I did not find my hiking shoes. But I sat on my balcony today, contemplative and hungry before iftaar, and I unlocked a memory from my birthday on an island a few months ago, which (lightbulb moment) I realized was the last time I wore them. And for some reason, it never occurred to me that I left them on that boat nearly three months ago until now, when I was actively looking for them. Another testament to this unreliable memory. But there’s a photo to prove it, me on a kayak, in my mucky sandals, with my hiking shoes neatly placed right in front of me. More evidence. There goes the black hole theory.

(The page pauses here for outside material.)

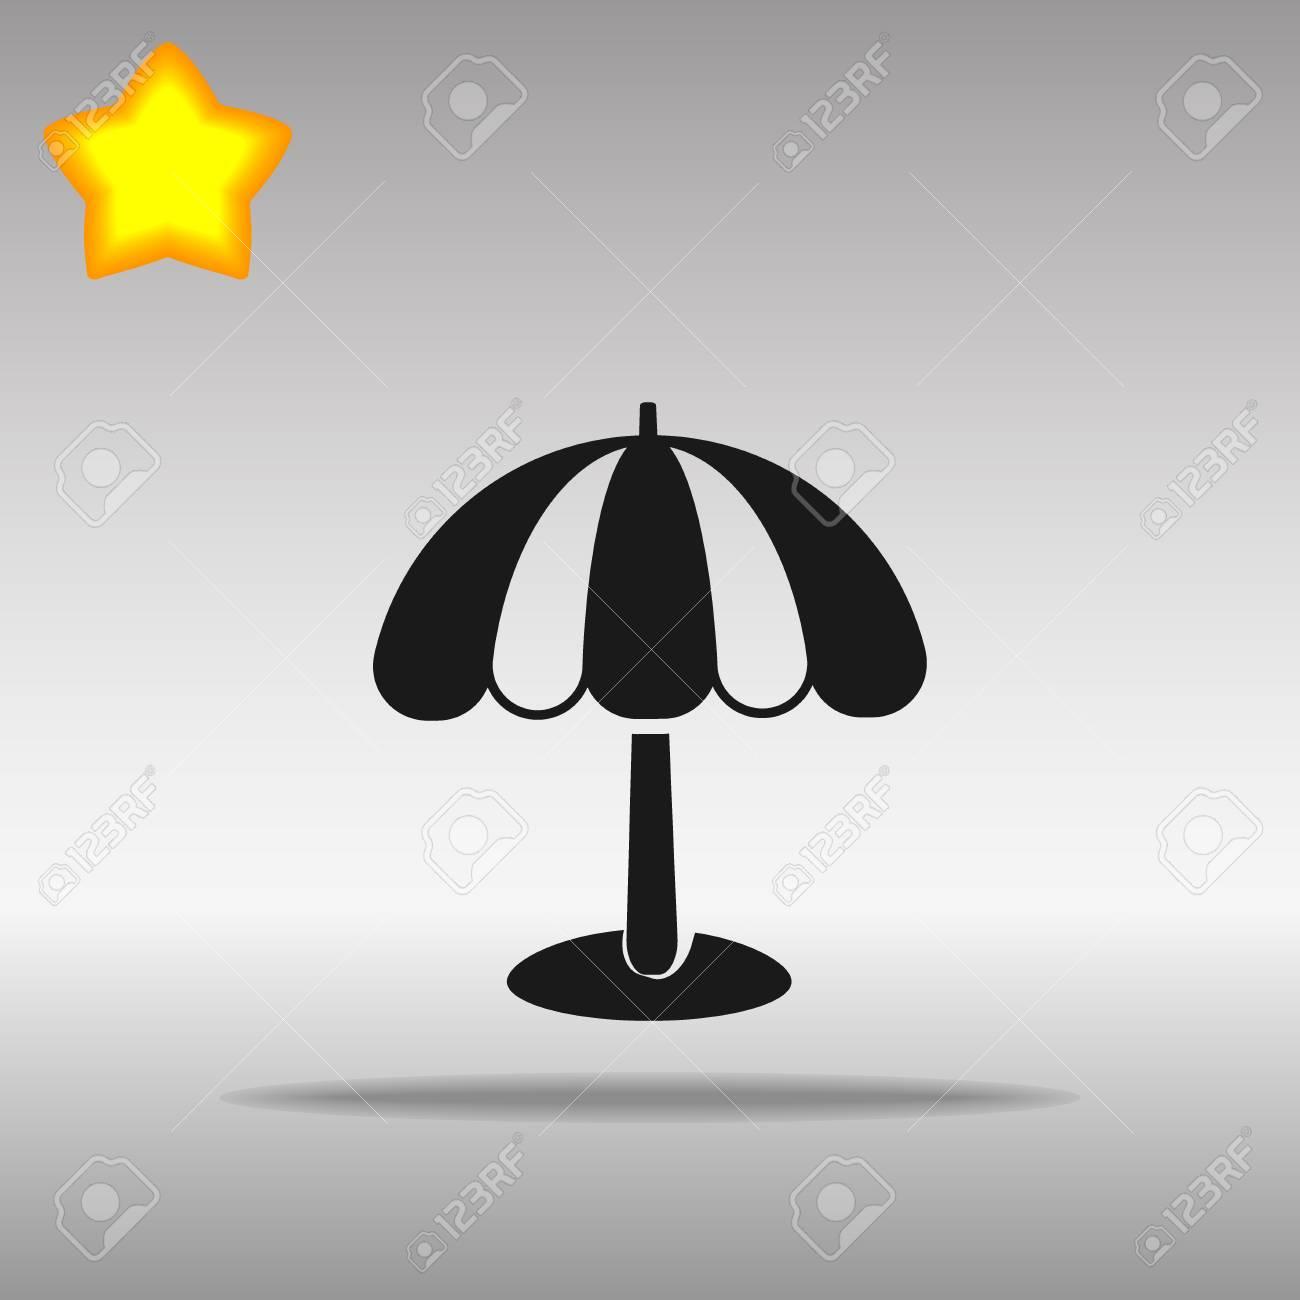 Beach umbrella black Icon button logo symbol concept high quality on the gray background - 82176370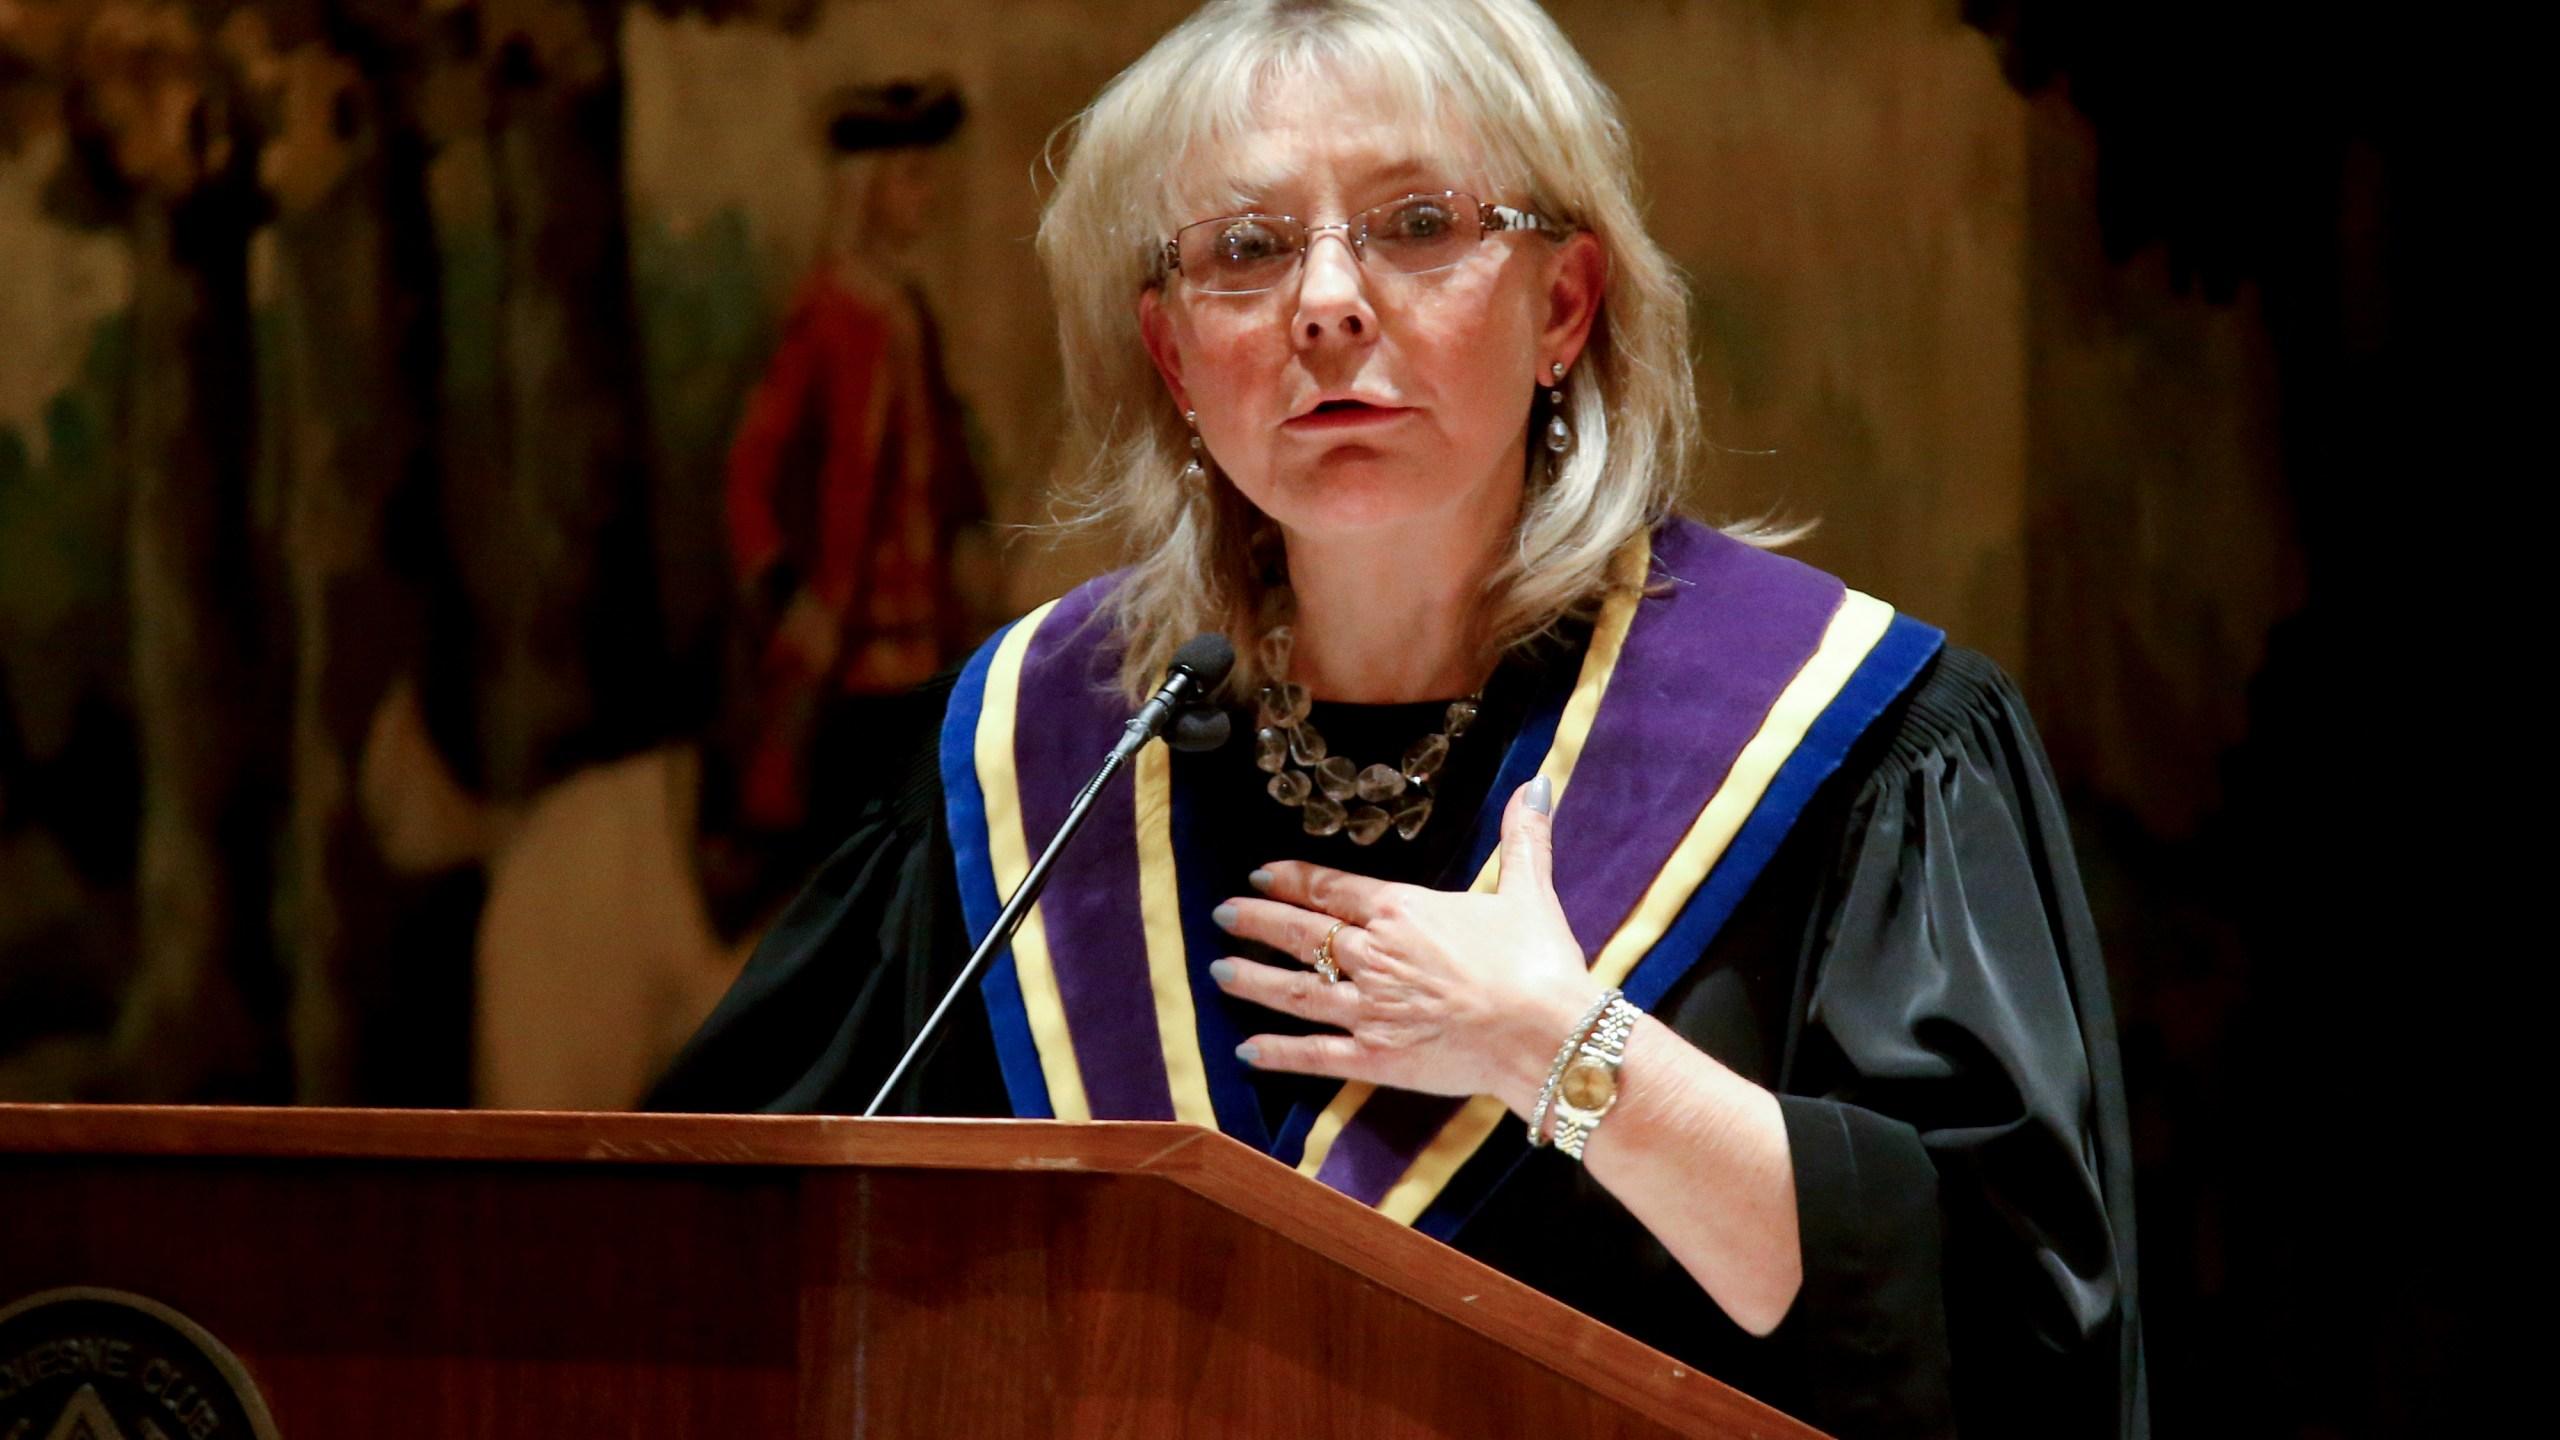 Christine L. Donohue

Sometimes I do delete things - photos, call logs, messages, notes. I don’t necessarily want the evidence. But then there are times I’m thankful for it. I wonder what my life would be like if I didn’t somehow document it. Sometimes I see my paintings in front of me, this collection of work, and I genuinely wonder where it came from, knowing full well that I made it, it came from me. It’s almost like it came out and through, and now it stands on its own, as proof of a time and an experience beyond what it is right now, how I’m experiencing it in myself right now.
And it’s not actually like I do this for the sake of evidence, or for anyone to see, not even myself. But it’s there and it’s a testament to something that existed, something I can witness. I can observe it from the outside. I can watch as it changes. And somehow, magically, there’s me, still here, unchanged, unmoving, in the midst of all of it.
Always great to come across old things stashed away. We did house shifting a year ago where we changed cities and a lot of the storage stuff involved my old diaries and my school report cards (I am hoarder yes). I sat down with my wife and went through those sharing little nuggets of stories attached to those times. Fav and not so fav teachers were discussed, Weak and strong subjects etc.
A pack of crayons popped up that I had gotten as a prize in grade 3 (which now my 2nd born has taken over as his birthright. First born is too cool for this in her head.)
All beautiful times to reminisce. Reading this post recalled all that.